**EXERCISE DATA:**
=-=-=-=-=

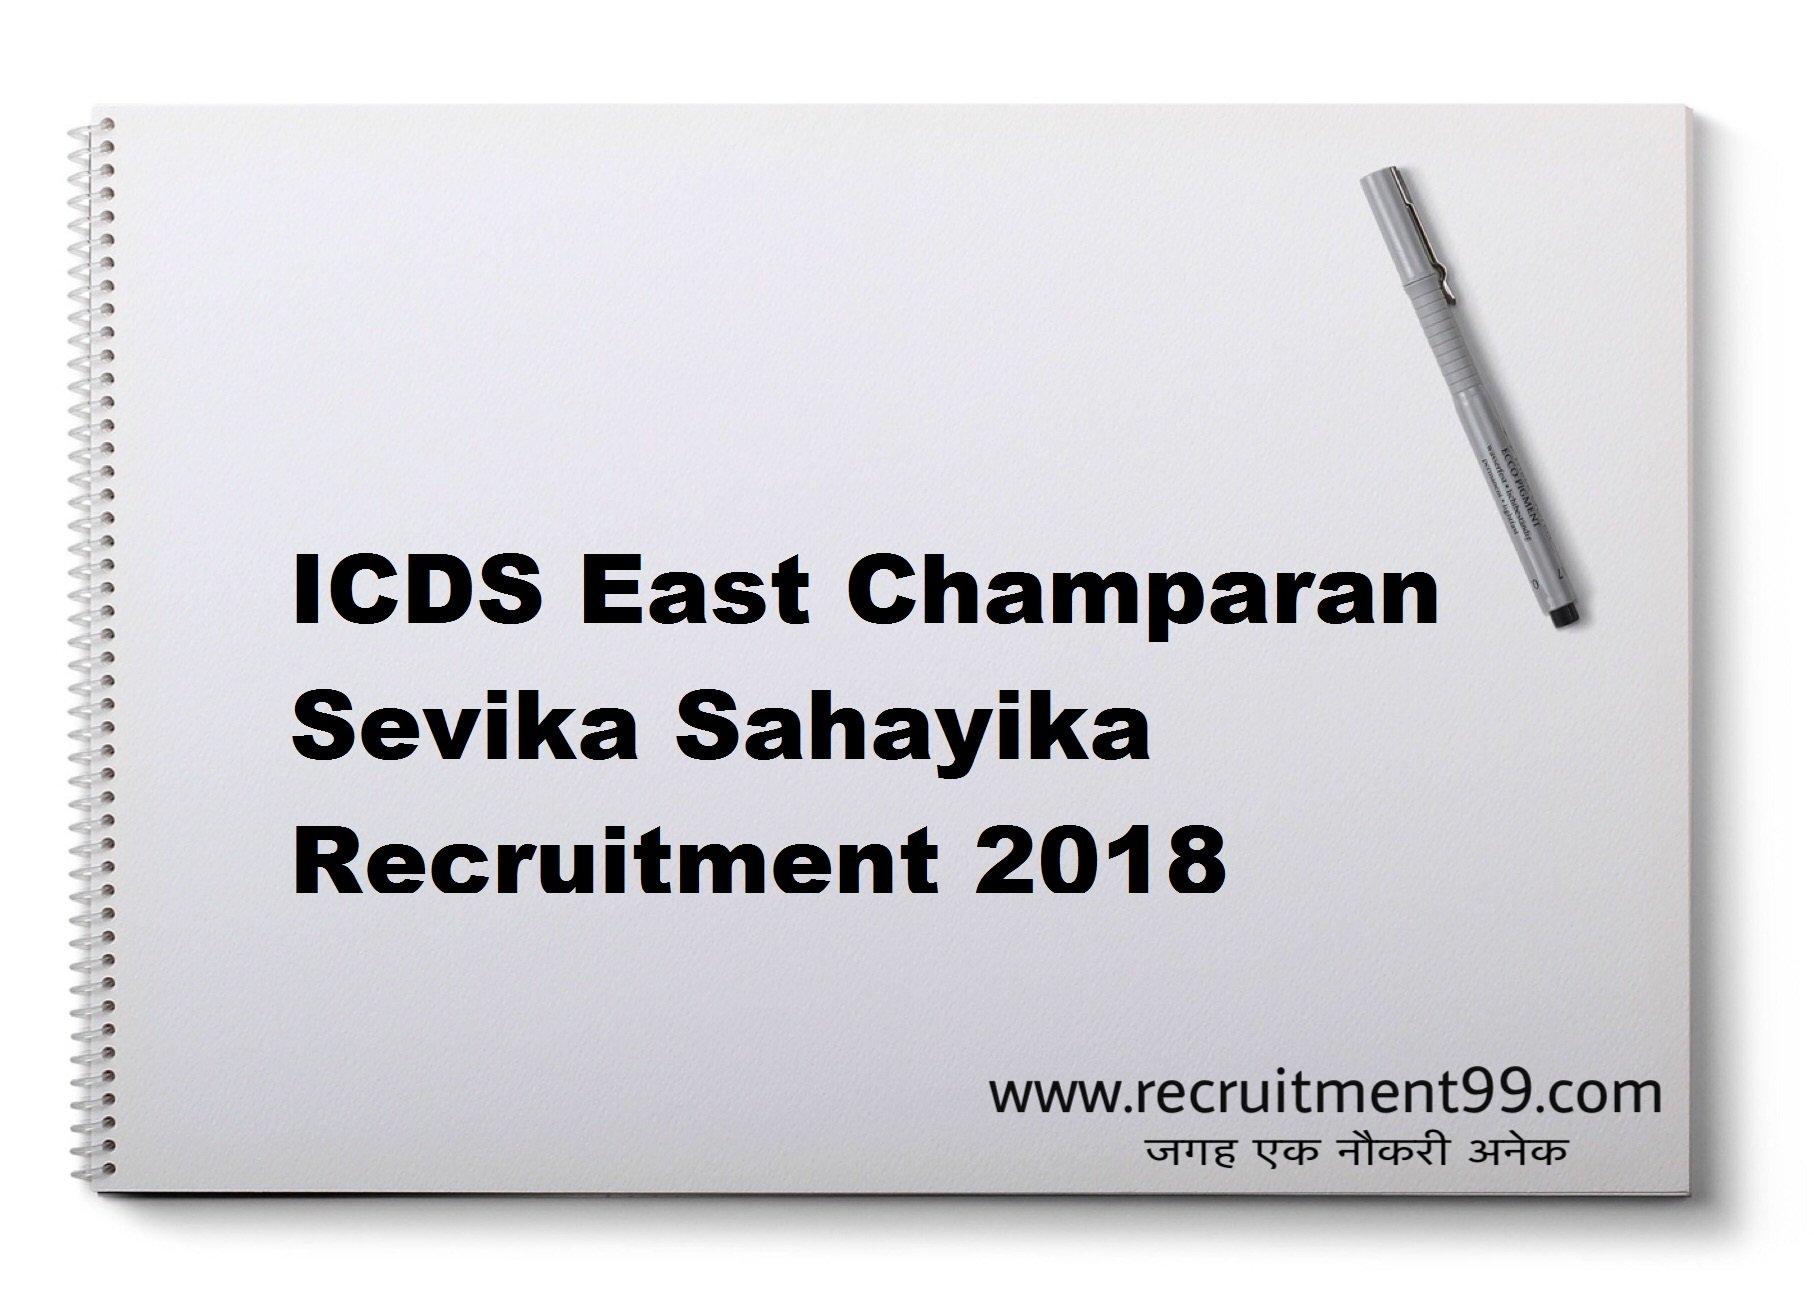 ICDS East Champaran Sevika Sahayika Recruitment Admit Card Result 2018
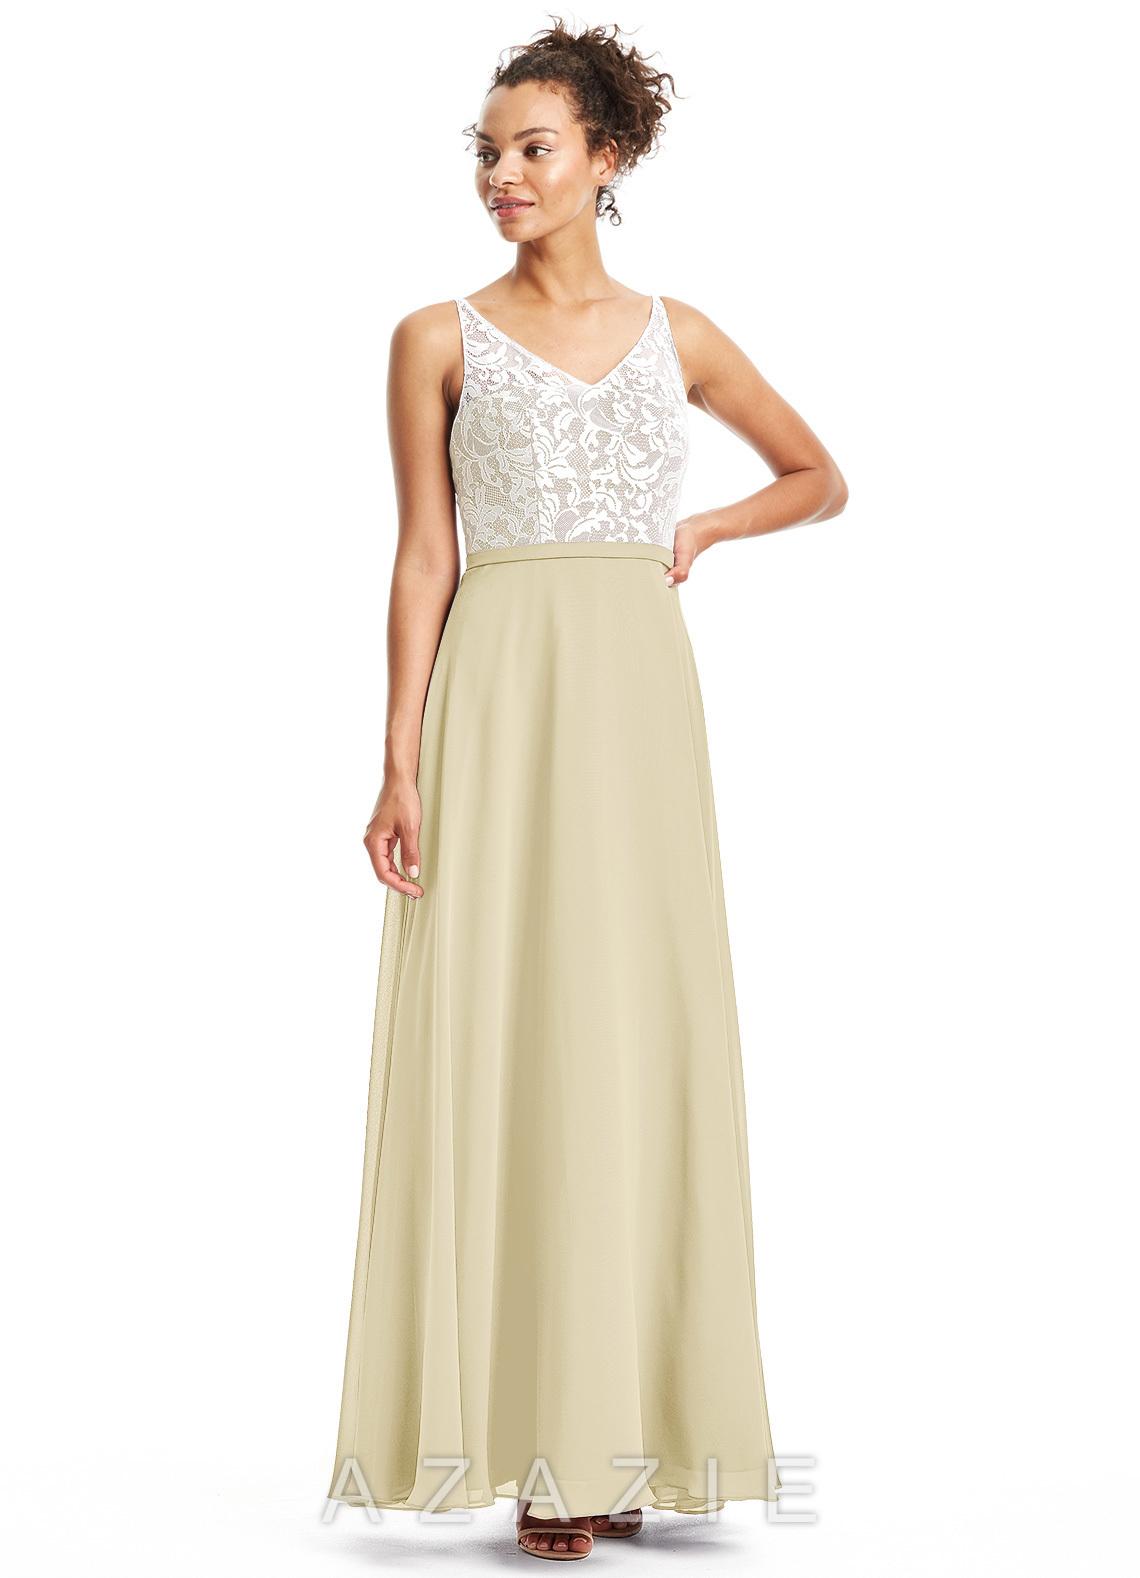 3dfb99d7b2c Azazie Gloria Bridesmaid Dresses
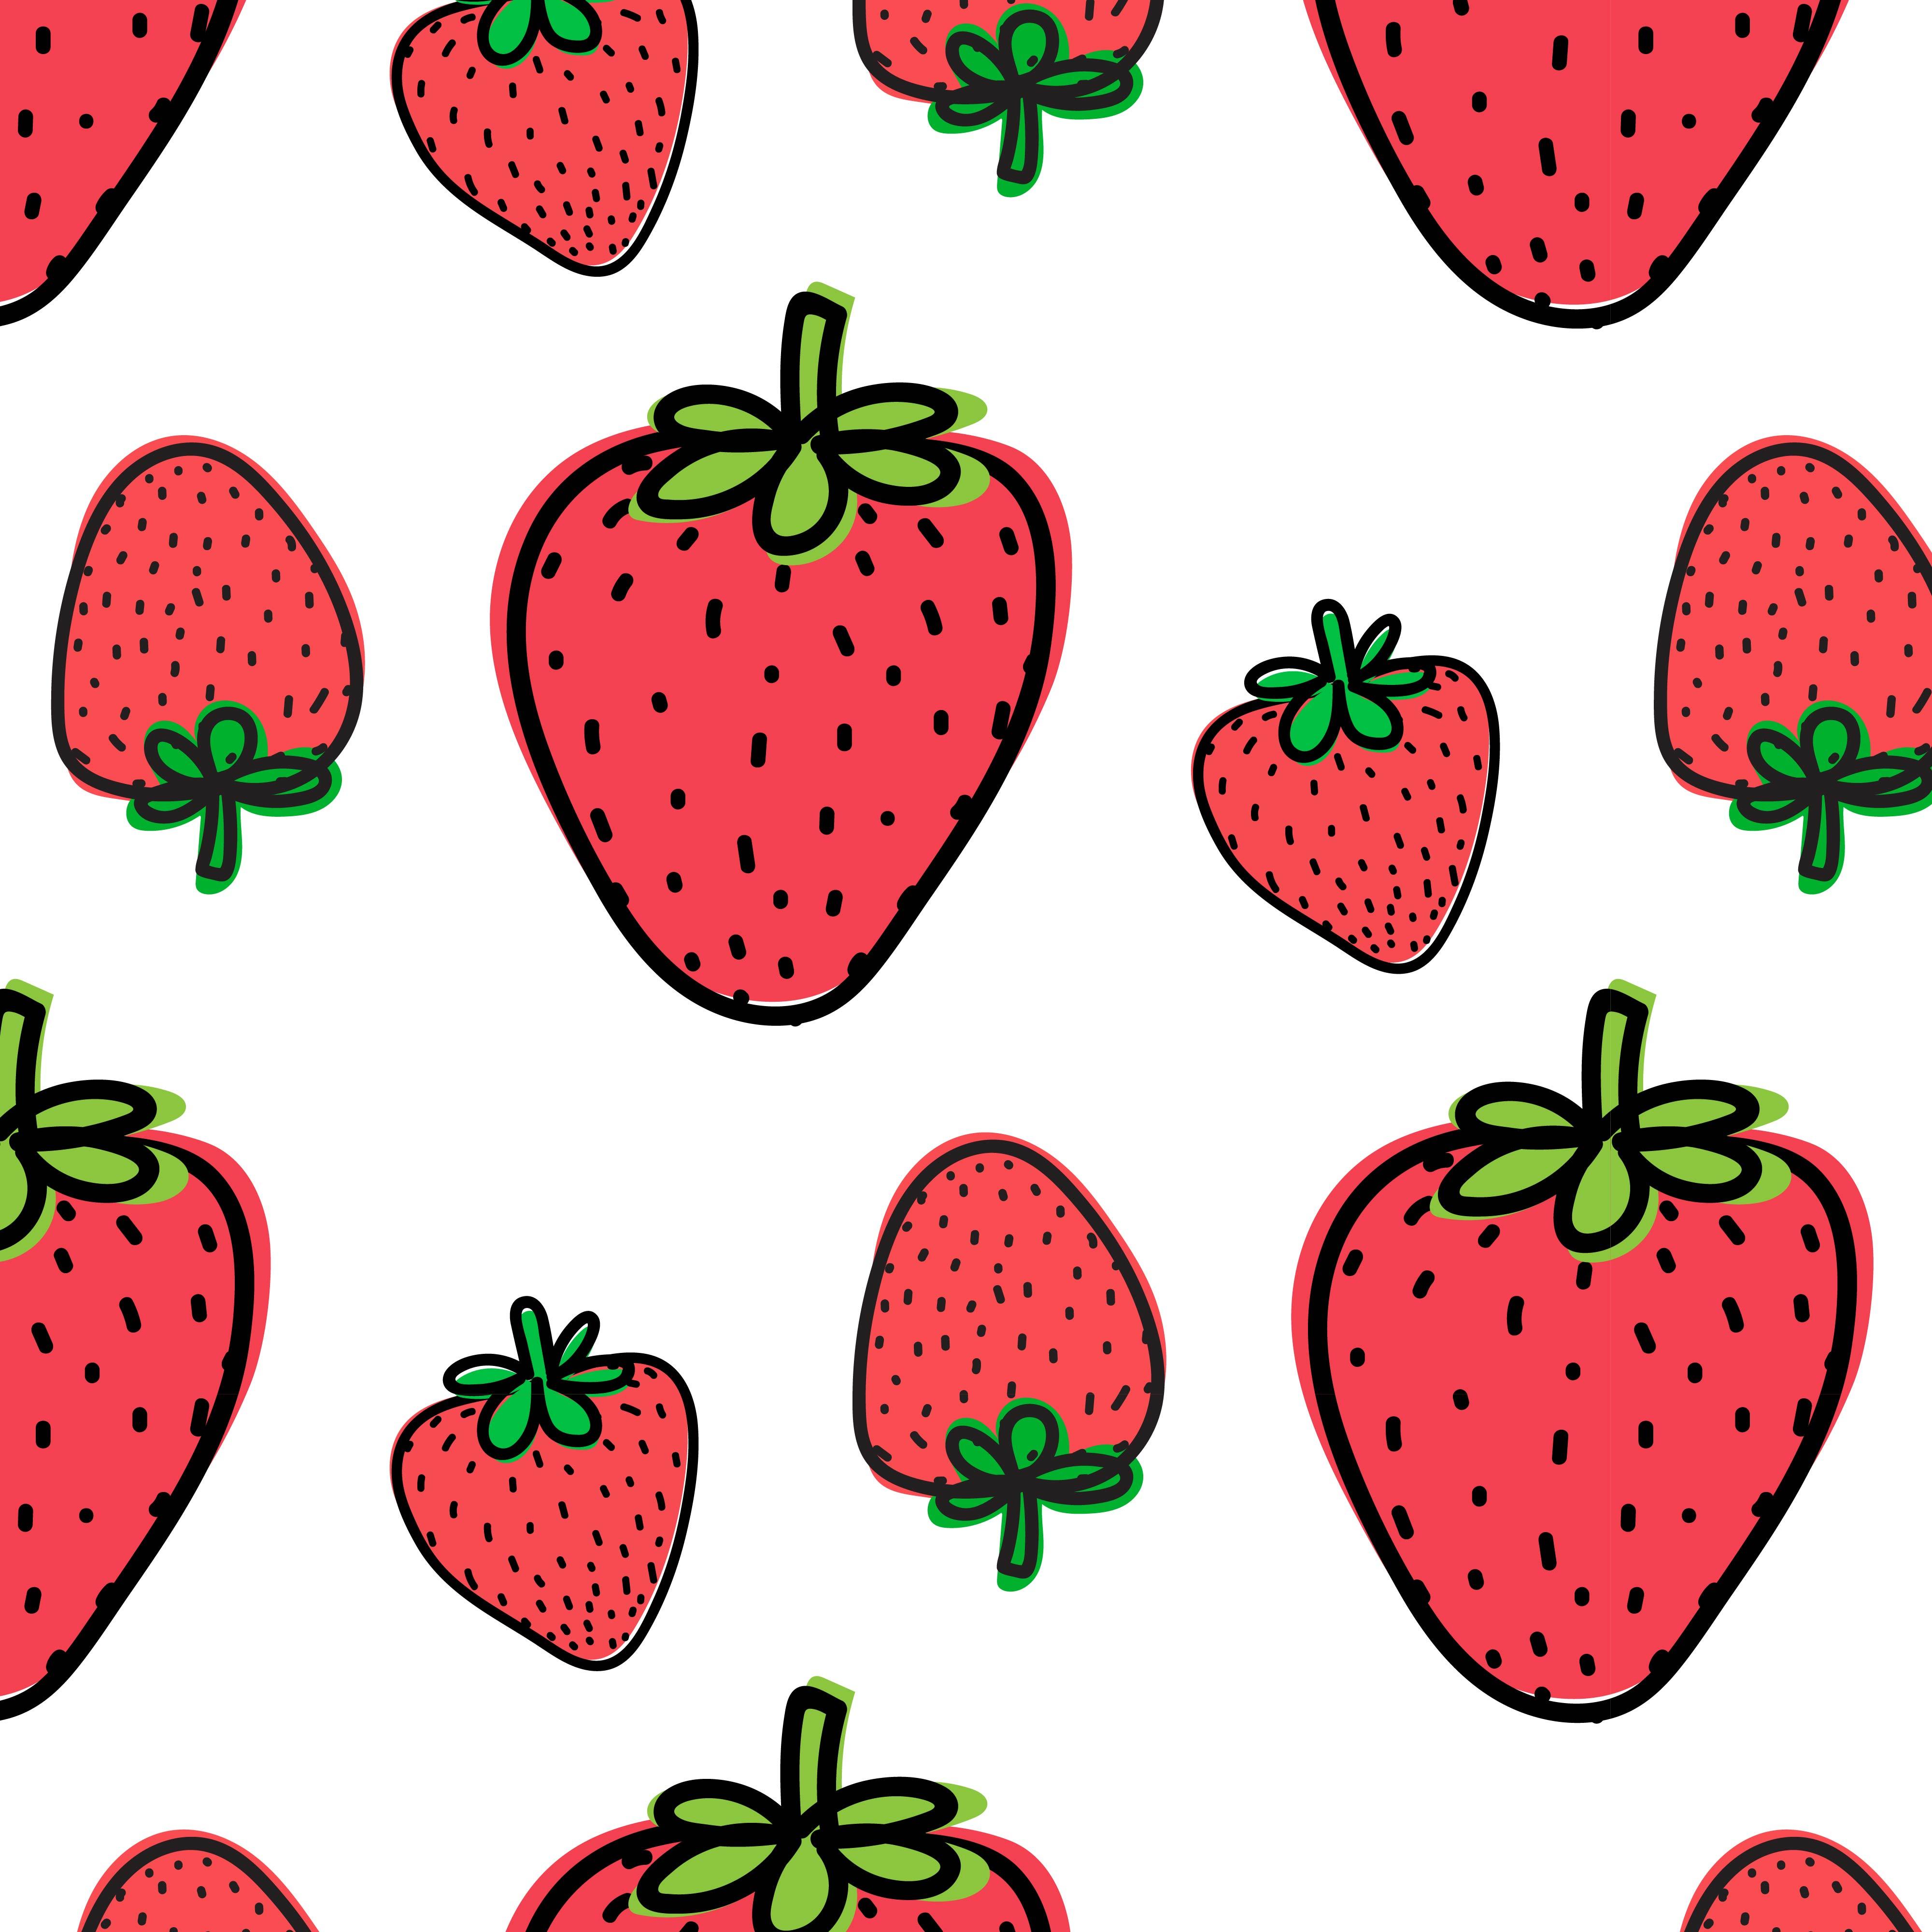 strawberry fruit pattern background vector illustration download free vectors clipart graphics vector art vecteezy

=-=-=-=-=

**EXERCISE BRIEF:** Exactly repeat the data above; the pictures do not belong in your copy.

**THE COMPLETED TASK:**
 ICDS East Champaran Sevika Sahayika Recruitment Admit Card Result 2018
 3dfb99d7b2c Azazie Gloria Bridesmaid Dresses
 strawberry fruit pattern background vector illustration download free vectors clipart graphics vector art vecteezy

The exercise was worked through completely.